Après avoir été intensivement cultivé en Amérique centrale et du sud, le cacao est aujourd’hui essentiellement produit en Afrique avec 70% de la production mondiale en 2002. Des portugais ayant quitté le Brésil suite à son indépendance (1822) ont planté les premiers cacaoyers en Afrique, d’abord au large du Gabon sur l’île de Príncipe, puis sur celles de São Tomé et de Fernando Pó (aujourd’hui Bioko, île appartenant à la Guinée Equatoriale). La production de São Tomé et Príncipe, après avoir été très importante au début du XXème siècle, est aujourd’hui très faible (environ 4 000 tonnes), mais de qualité (forastero et trinidario) et comprend une offre certifiée agriculture biologique. En 2006, près de 40% de la production mondiale revient à la seule Côte d’Ivoire.

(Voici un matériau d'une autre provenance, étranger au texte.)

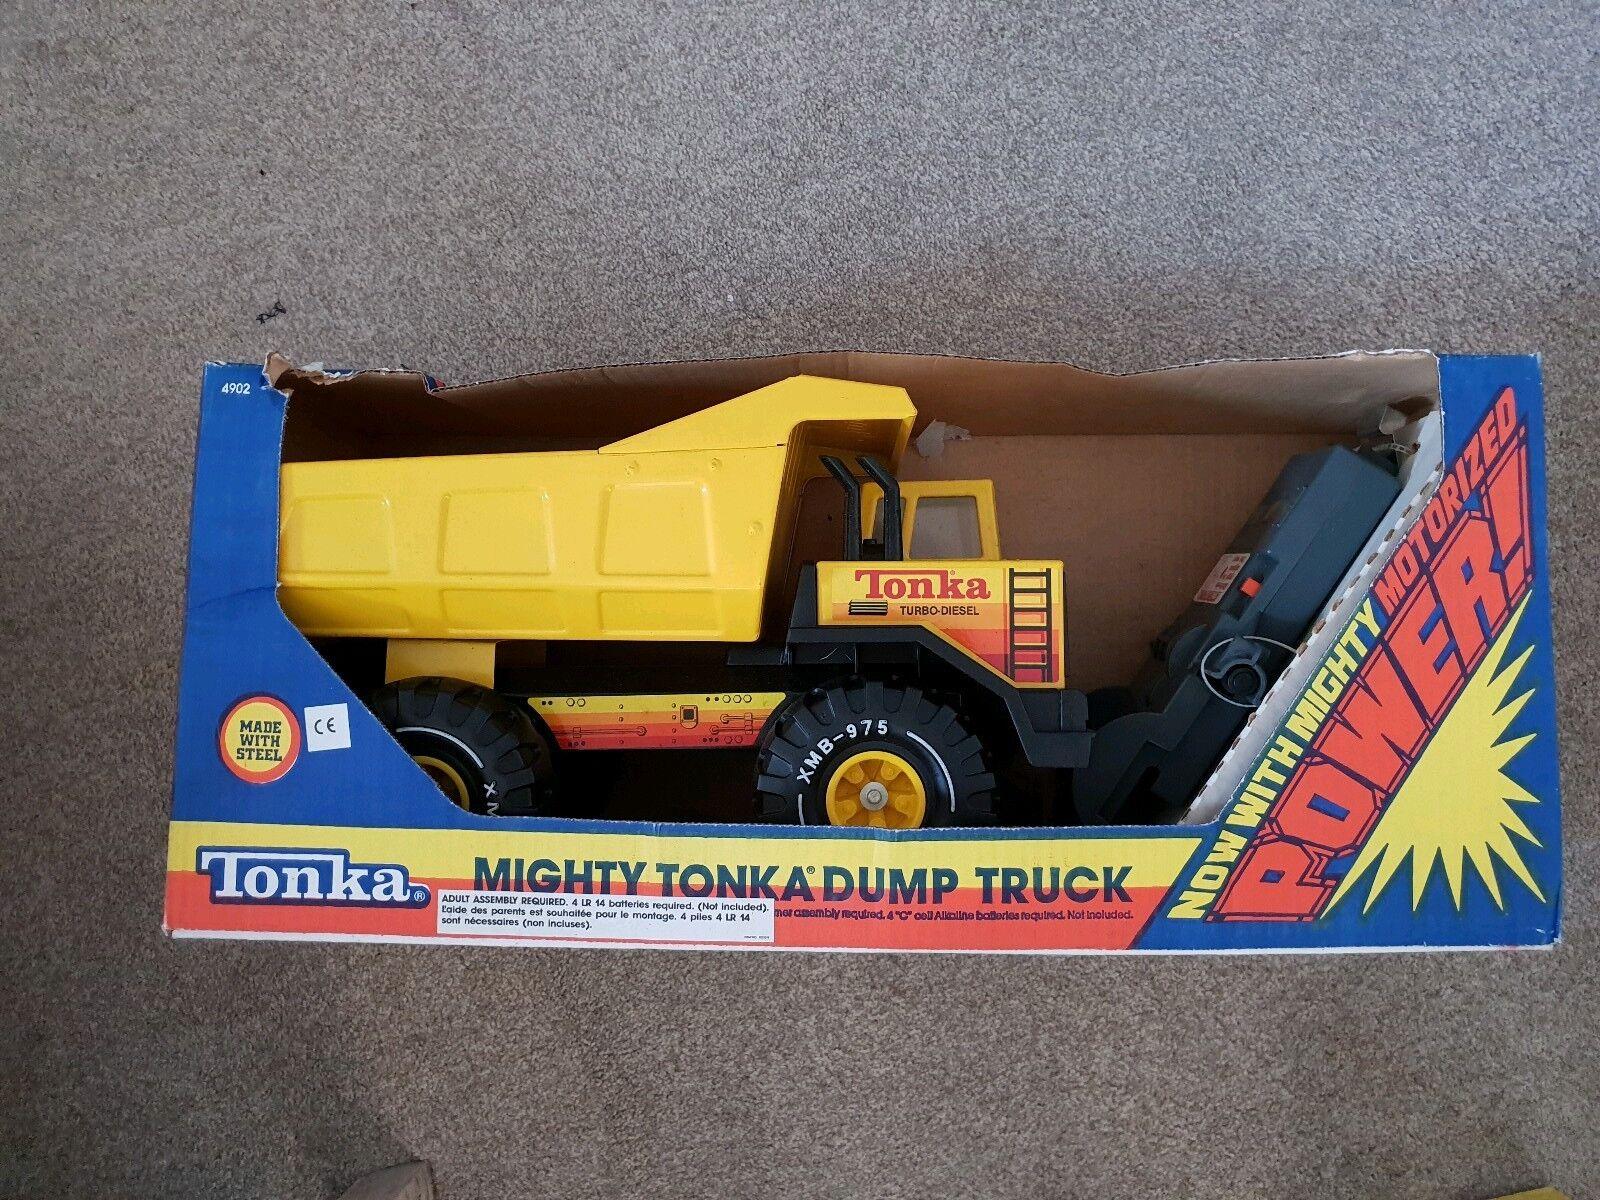 TONKA motorisé Mighty camion benne 1989 vintage rare NEUF

Le cacao a été introduit en Asie dès le XVIème siècle, mais la production y est restée très faible jusqu’en 1970. Le cacao est aujourd’hui essentiellement produit en Indonésie et en Malaisie. De qualité moyenne, il est essentiellement destiné à la production de beurre de cacao.

En Amérique du sud, l’Equateur et le Venezuela sont réputés pour la qualité du cacao et la finesse des arômes. Le Brésil, seul pays producteur ayant une consommation intérieure supérieure à sa production, produit un cacao essentiellement destiné à l’industrie agro-alimentaire. L’Amérique centrale a une faible production essentiellement concentrée au Mexique.

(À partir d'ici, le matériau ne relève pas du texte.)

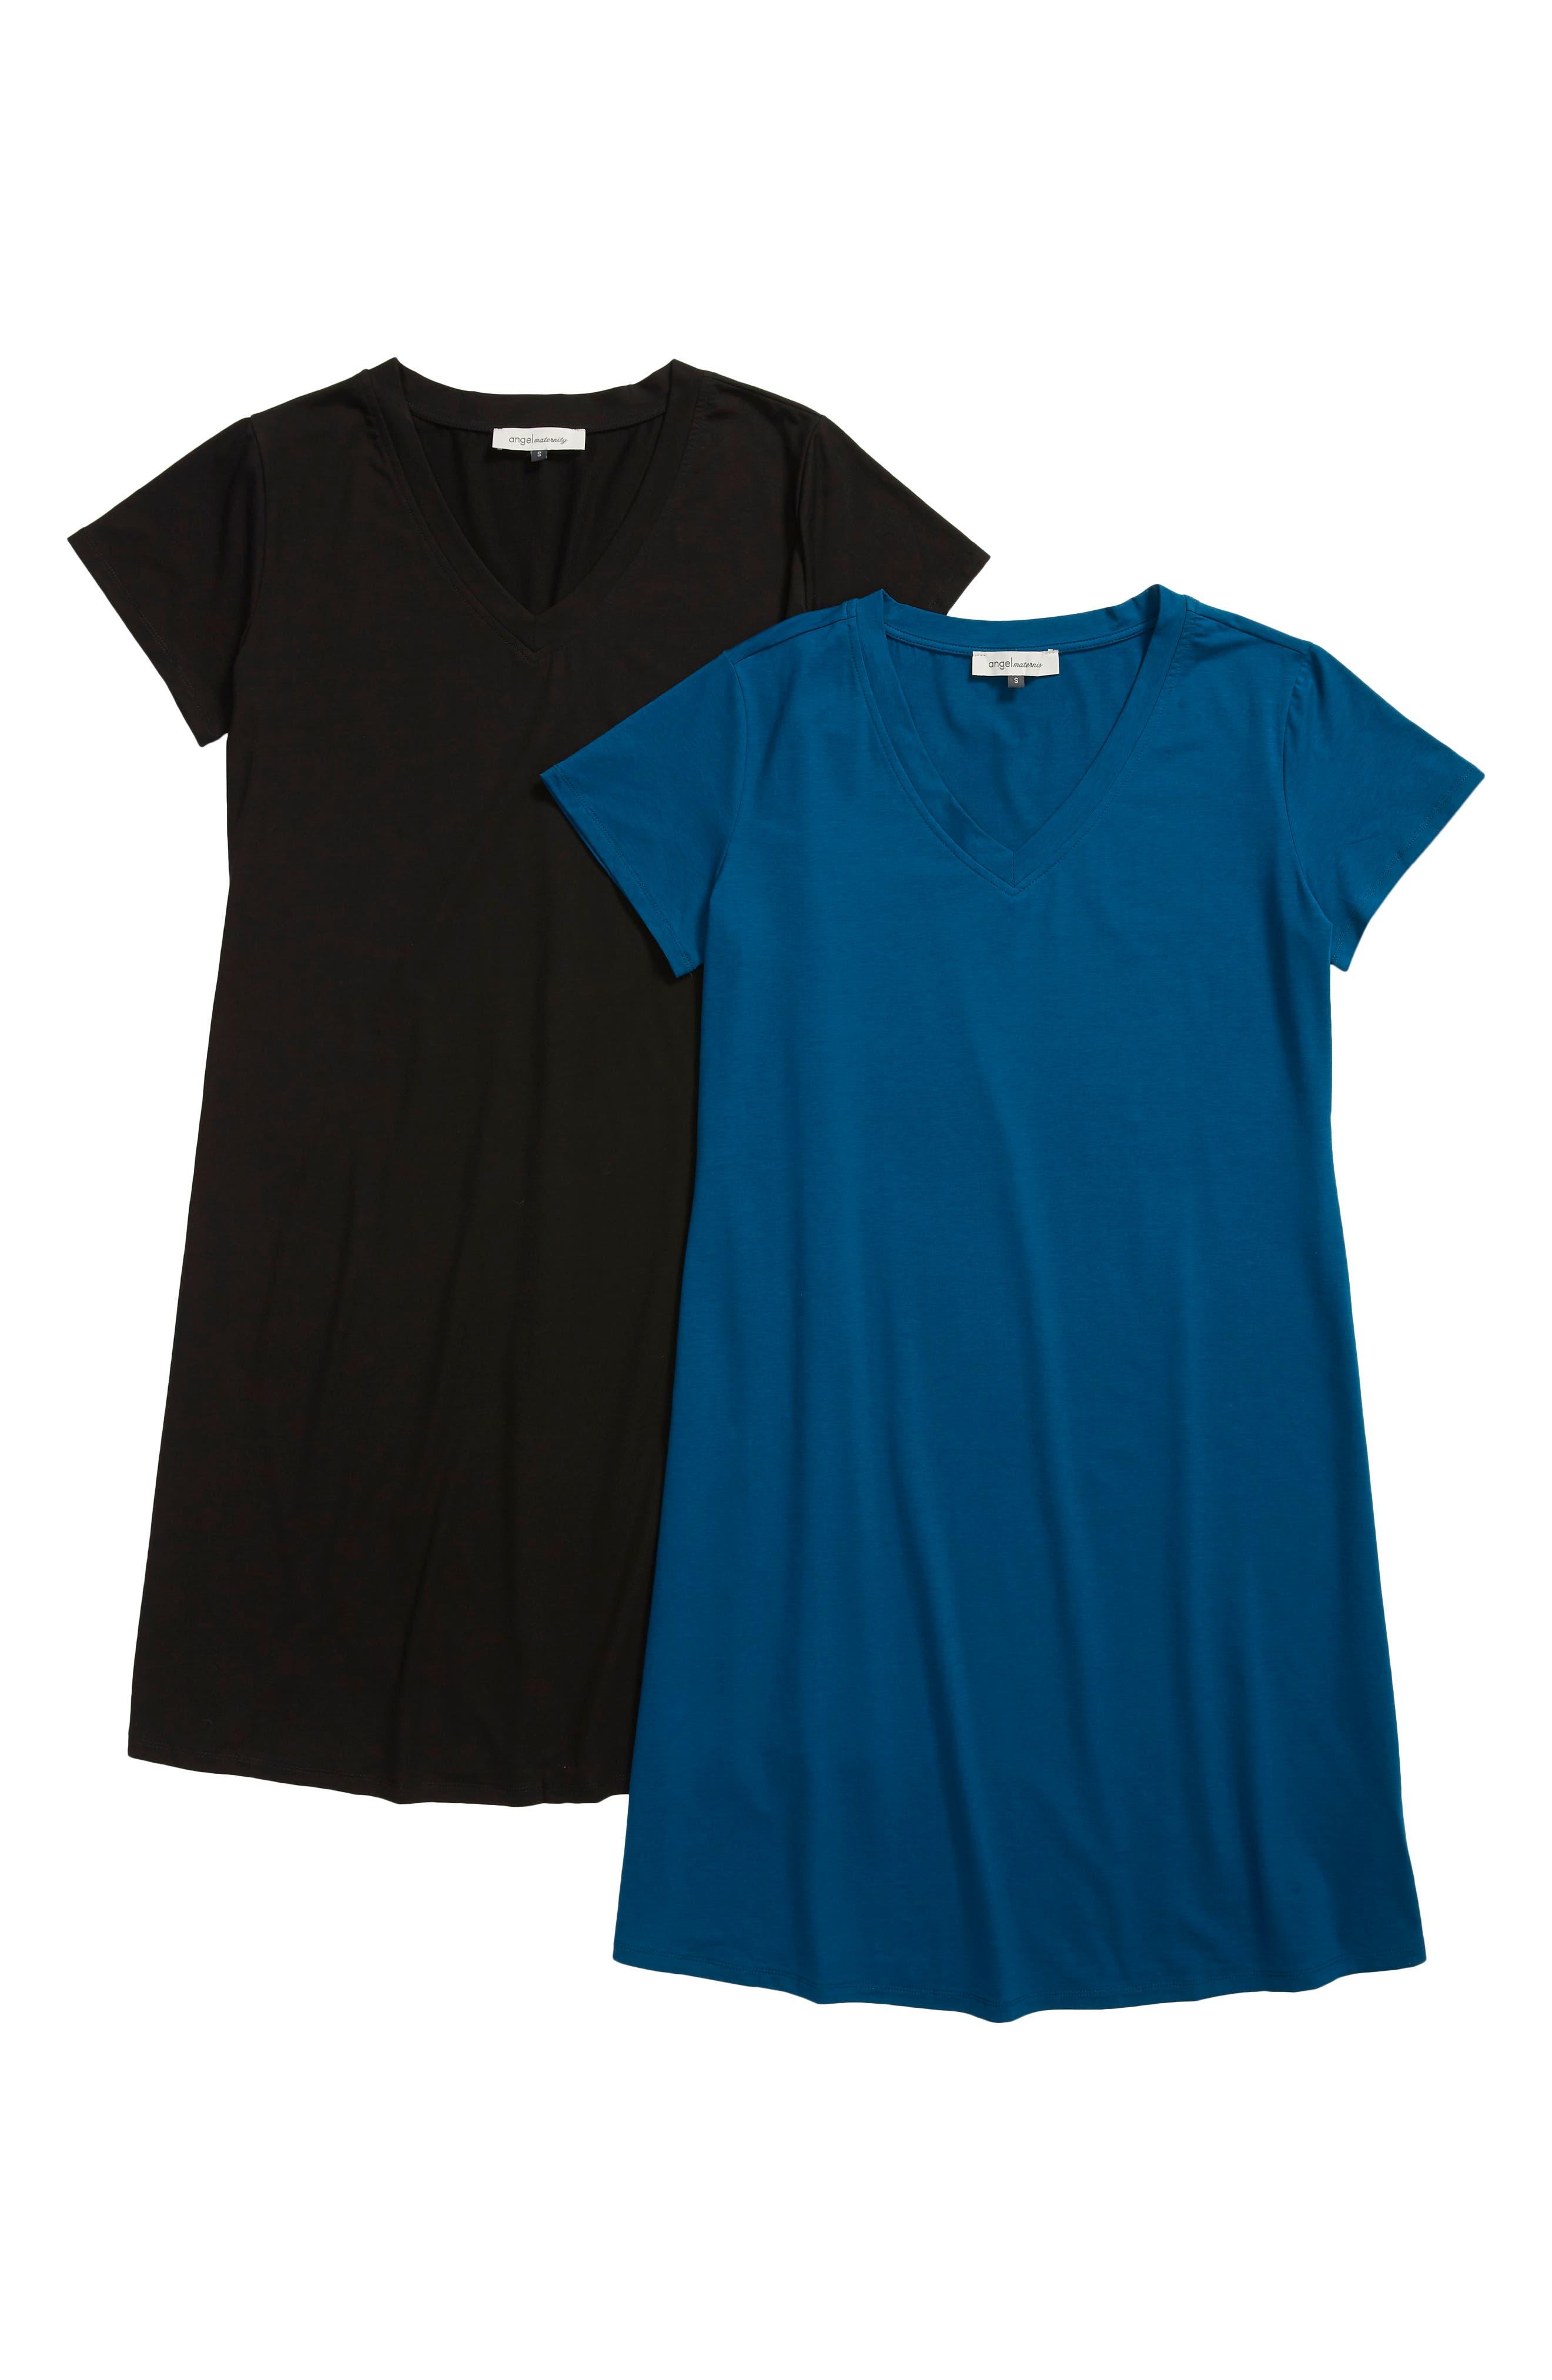 2-Pack Maternity T-Shirt Dresses

Le terroir et le climat ont une influence sur la saveur du chocolat. Les différentes étapes de la fabrication sont aussi très importantes.

Fabrication du chocolat

La fabrication du chocolat a beaucoup évolué depuis la recette que découvrirent les conquistadors auprès des sujets du roi Moctezuma. Nous avons vu plus haut le rôle essentiel de l’invention de Van Hooten. Aujourd’hui, grâce aux inventions successives des industriels, artisans ou producteurs, la fabrication du cacao est techniquement très au point avec des étapes bien définies.

1. Cueillette et écabossage : entre mai et juillet et entre novembre et décembre en fonction du pays et de la variété, les cabosses arrivées à maturité sont cueillies. On reconnaît une cabosse mûre à sa couleur or mat et au son qu’elle émet lorsqu’on la tapote. Les cabosses sont immédiatement ouvertes, avec précaution afin de ne pas abîmer les graines (ou fèves) se trouvant à l’intérieur. Les fèves sont alors extraites de la cabosse.

2. Fermentation : pendant une période allant de 2 à 7 jours en fonction des variétés, on laisse fermenter les fèves après les avoir entassées afin de limiter leur contact avec l’oxygène de l’air (la fermentation est une réaction anaérobie). Puis on les met en contact avec l’oxygène, ce qui entraîne l’oxydation de la pulpe et l’apparition de la couleur brune et des précurseurs des arômes du cacao.

3. Séchage : cette étape, qui dure de 10 jours à 3 semaines, a pour but de réduire drastiquement la quantité d’eau contenue dans les fèves. Lors du séchage la teneur en haut passe de 60% à 6-8%. Les fèves sont ensuite stockées dans des sacs de jute d’une capacité de 50 kg pour être ensuite transportées et souvent exportées.